## Task statement
Once you find the line with "Simple October Etsy Shop" in the data below, transcribe exactly each line from there to the line with "Kanwa Nails & Spa image 0", inclusive, and nothing else. Drop the pictures.

## Records shown
-=-=-
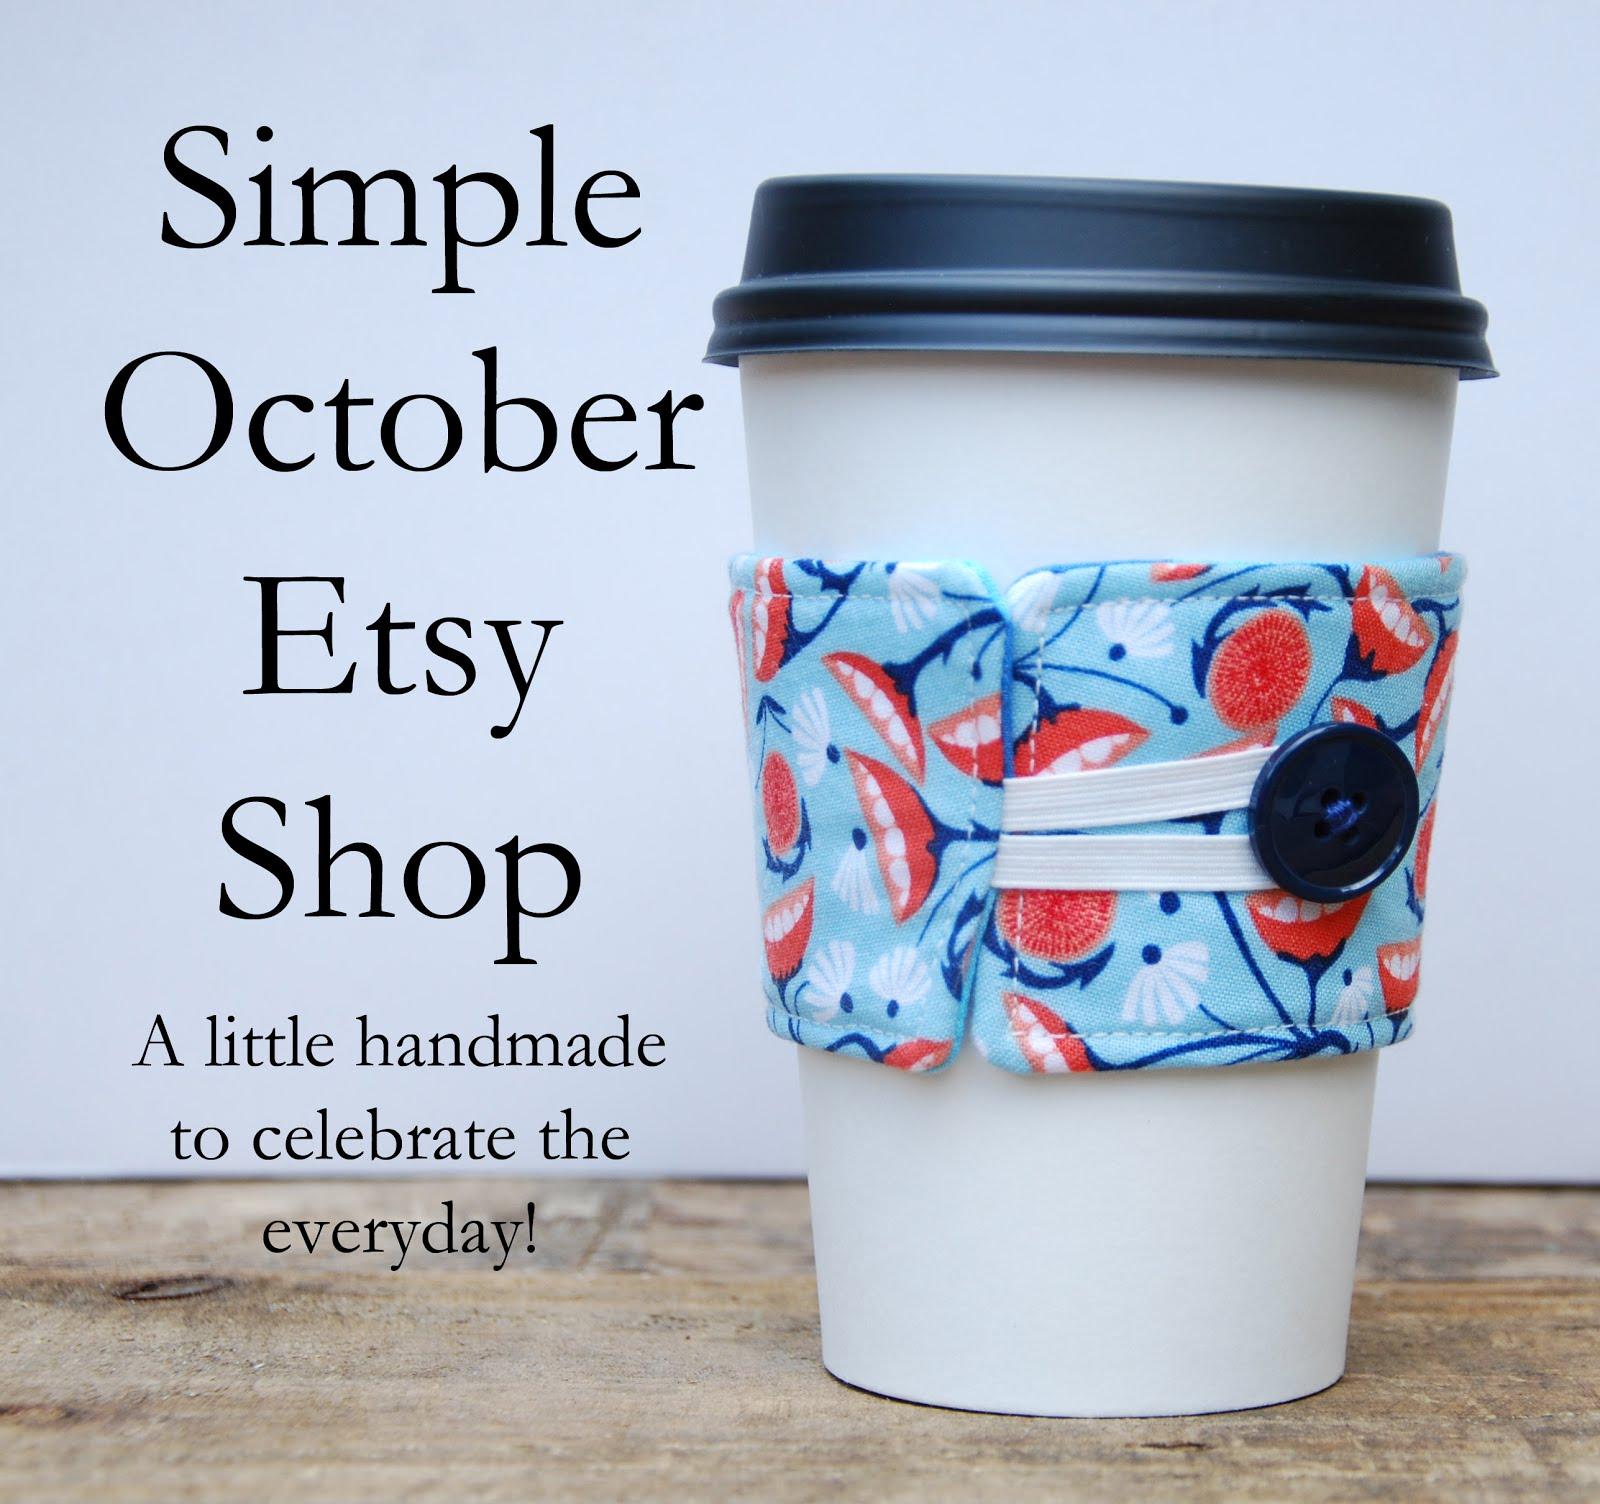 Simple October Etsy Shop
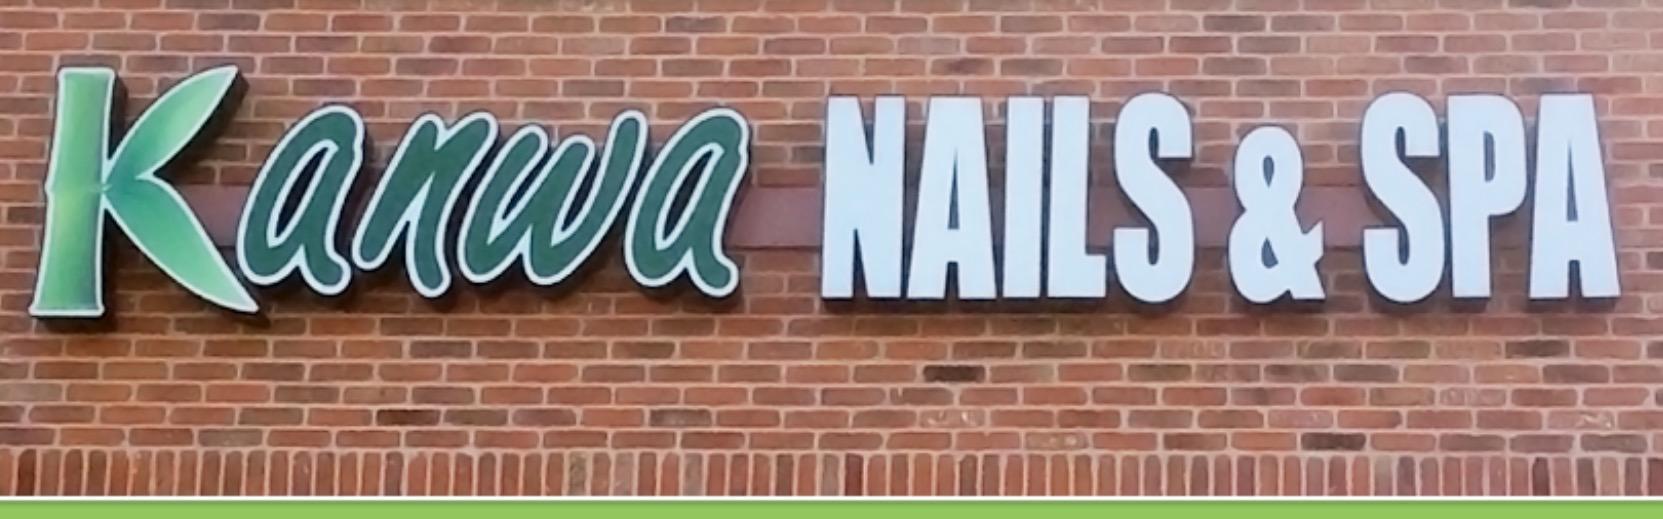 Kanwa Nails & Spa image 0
-=-=-
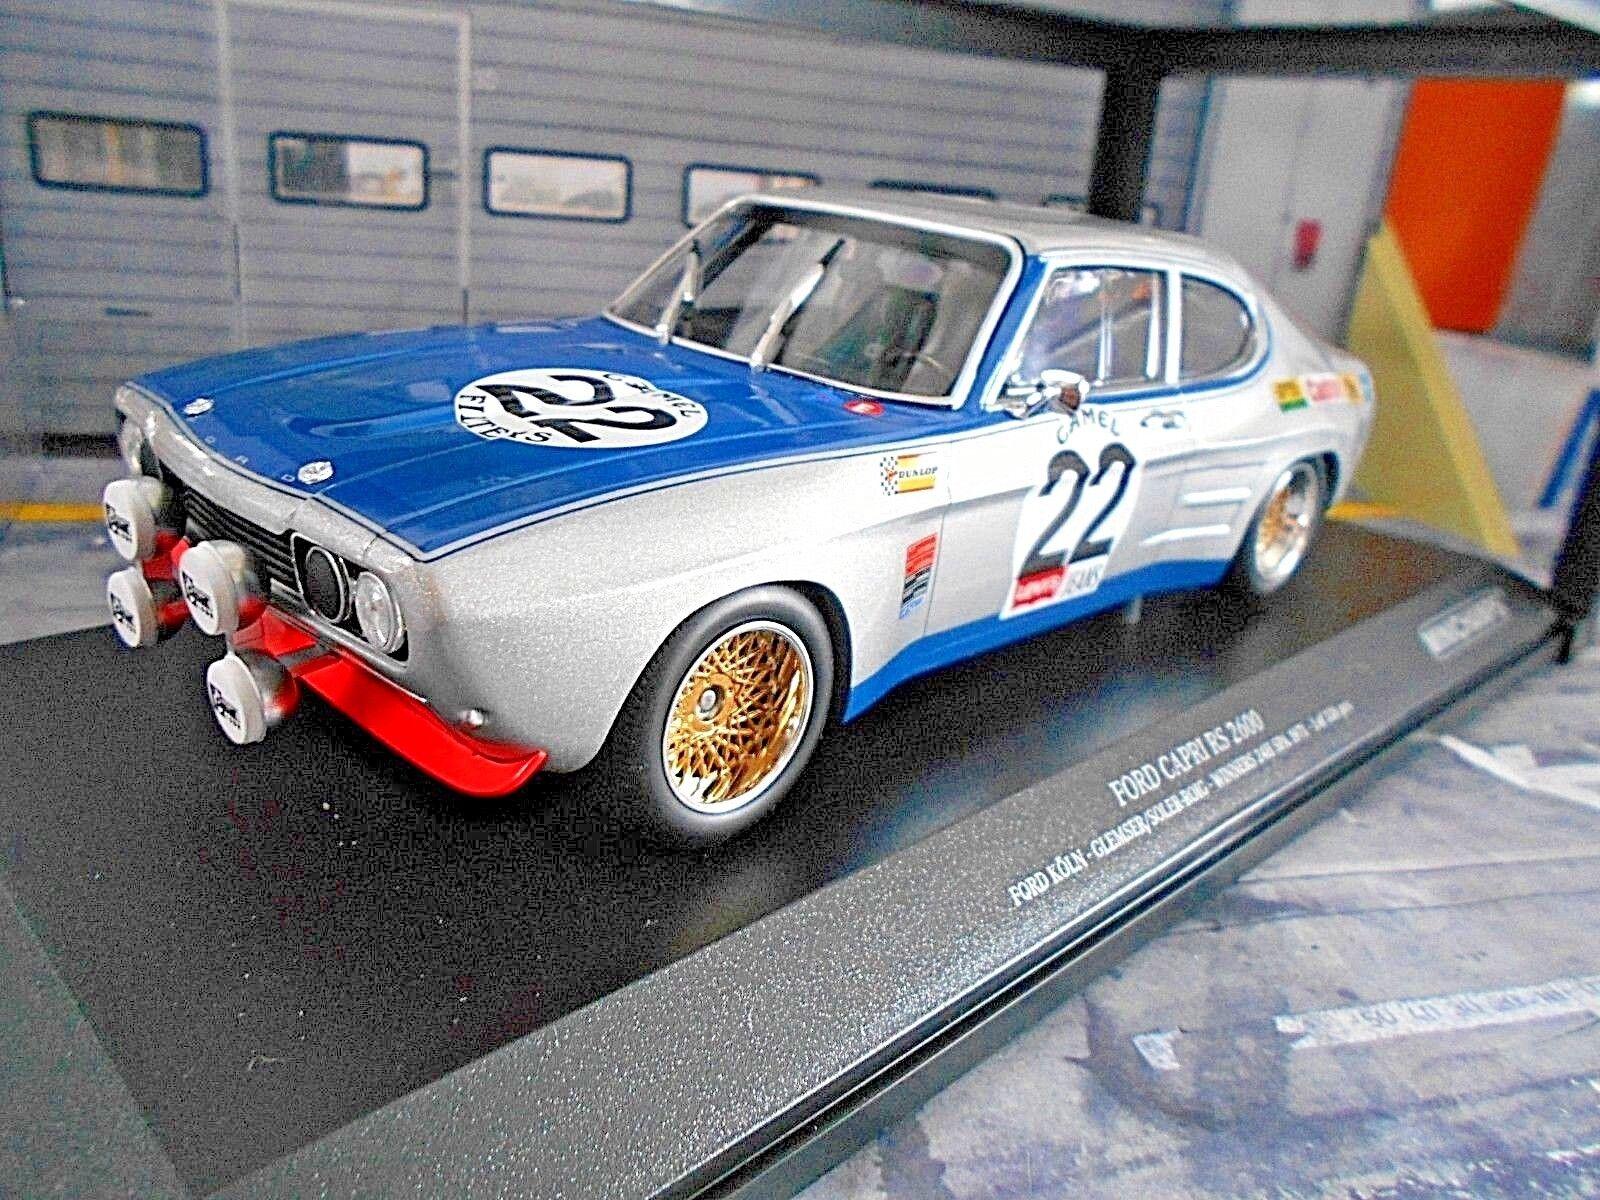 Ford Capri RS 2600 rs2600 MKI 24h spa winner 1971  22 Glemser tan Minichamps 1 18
-=-=-
## Response box
 Simple October Etsy Shop
 Kanwa Nails & Spa image 0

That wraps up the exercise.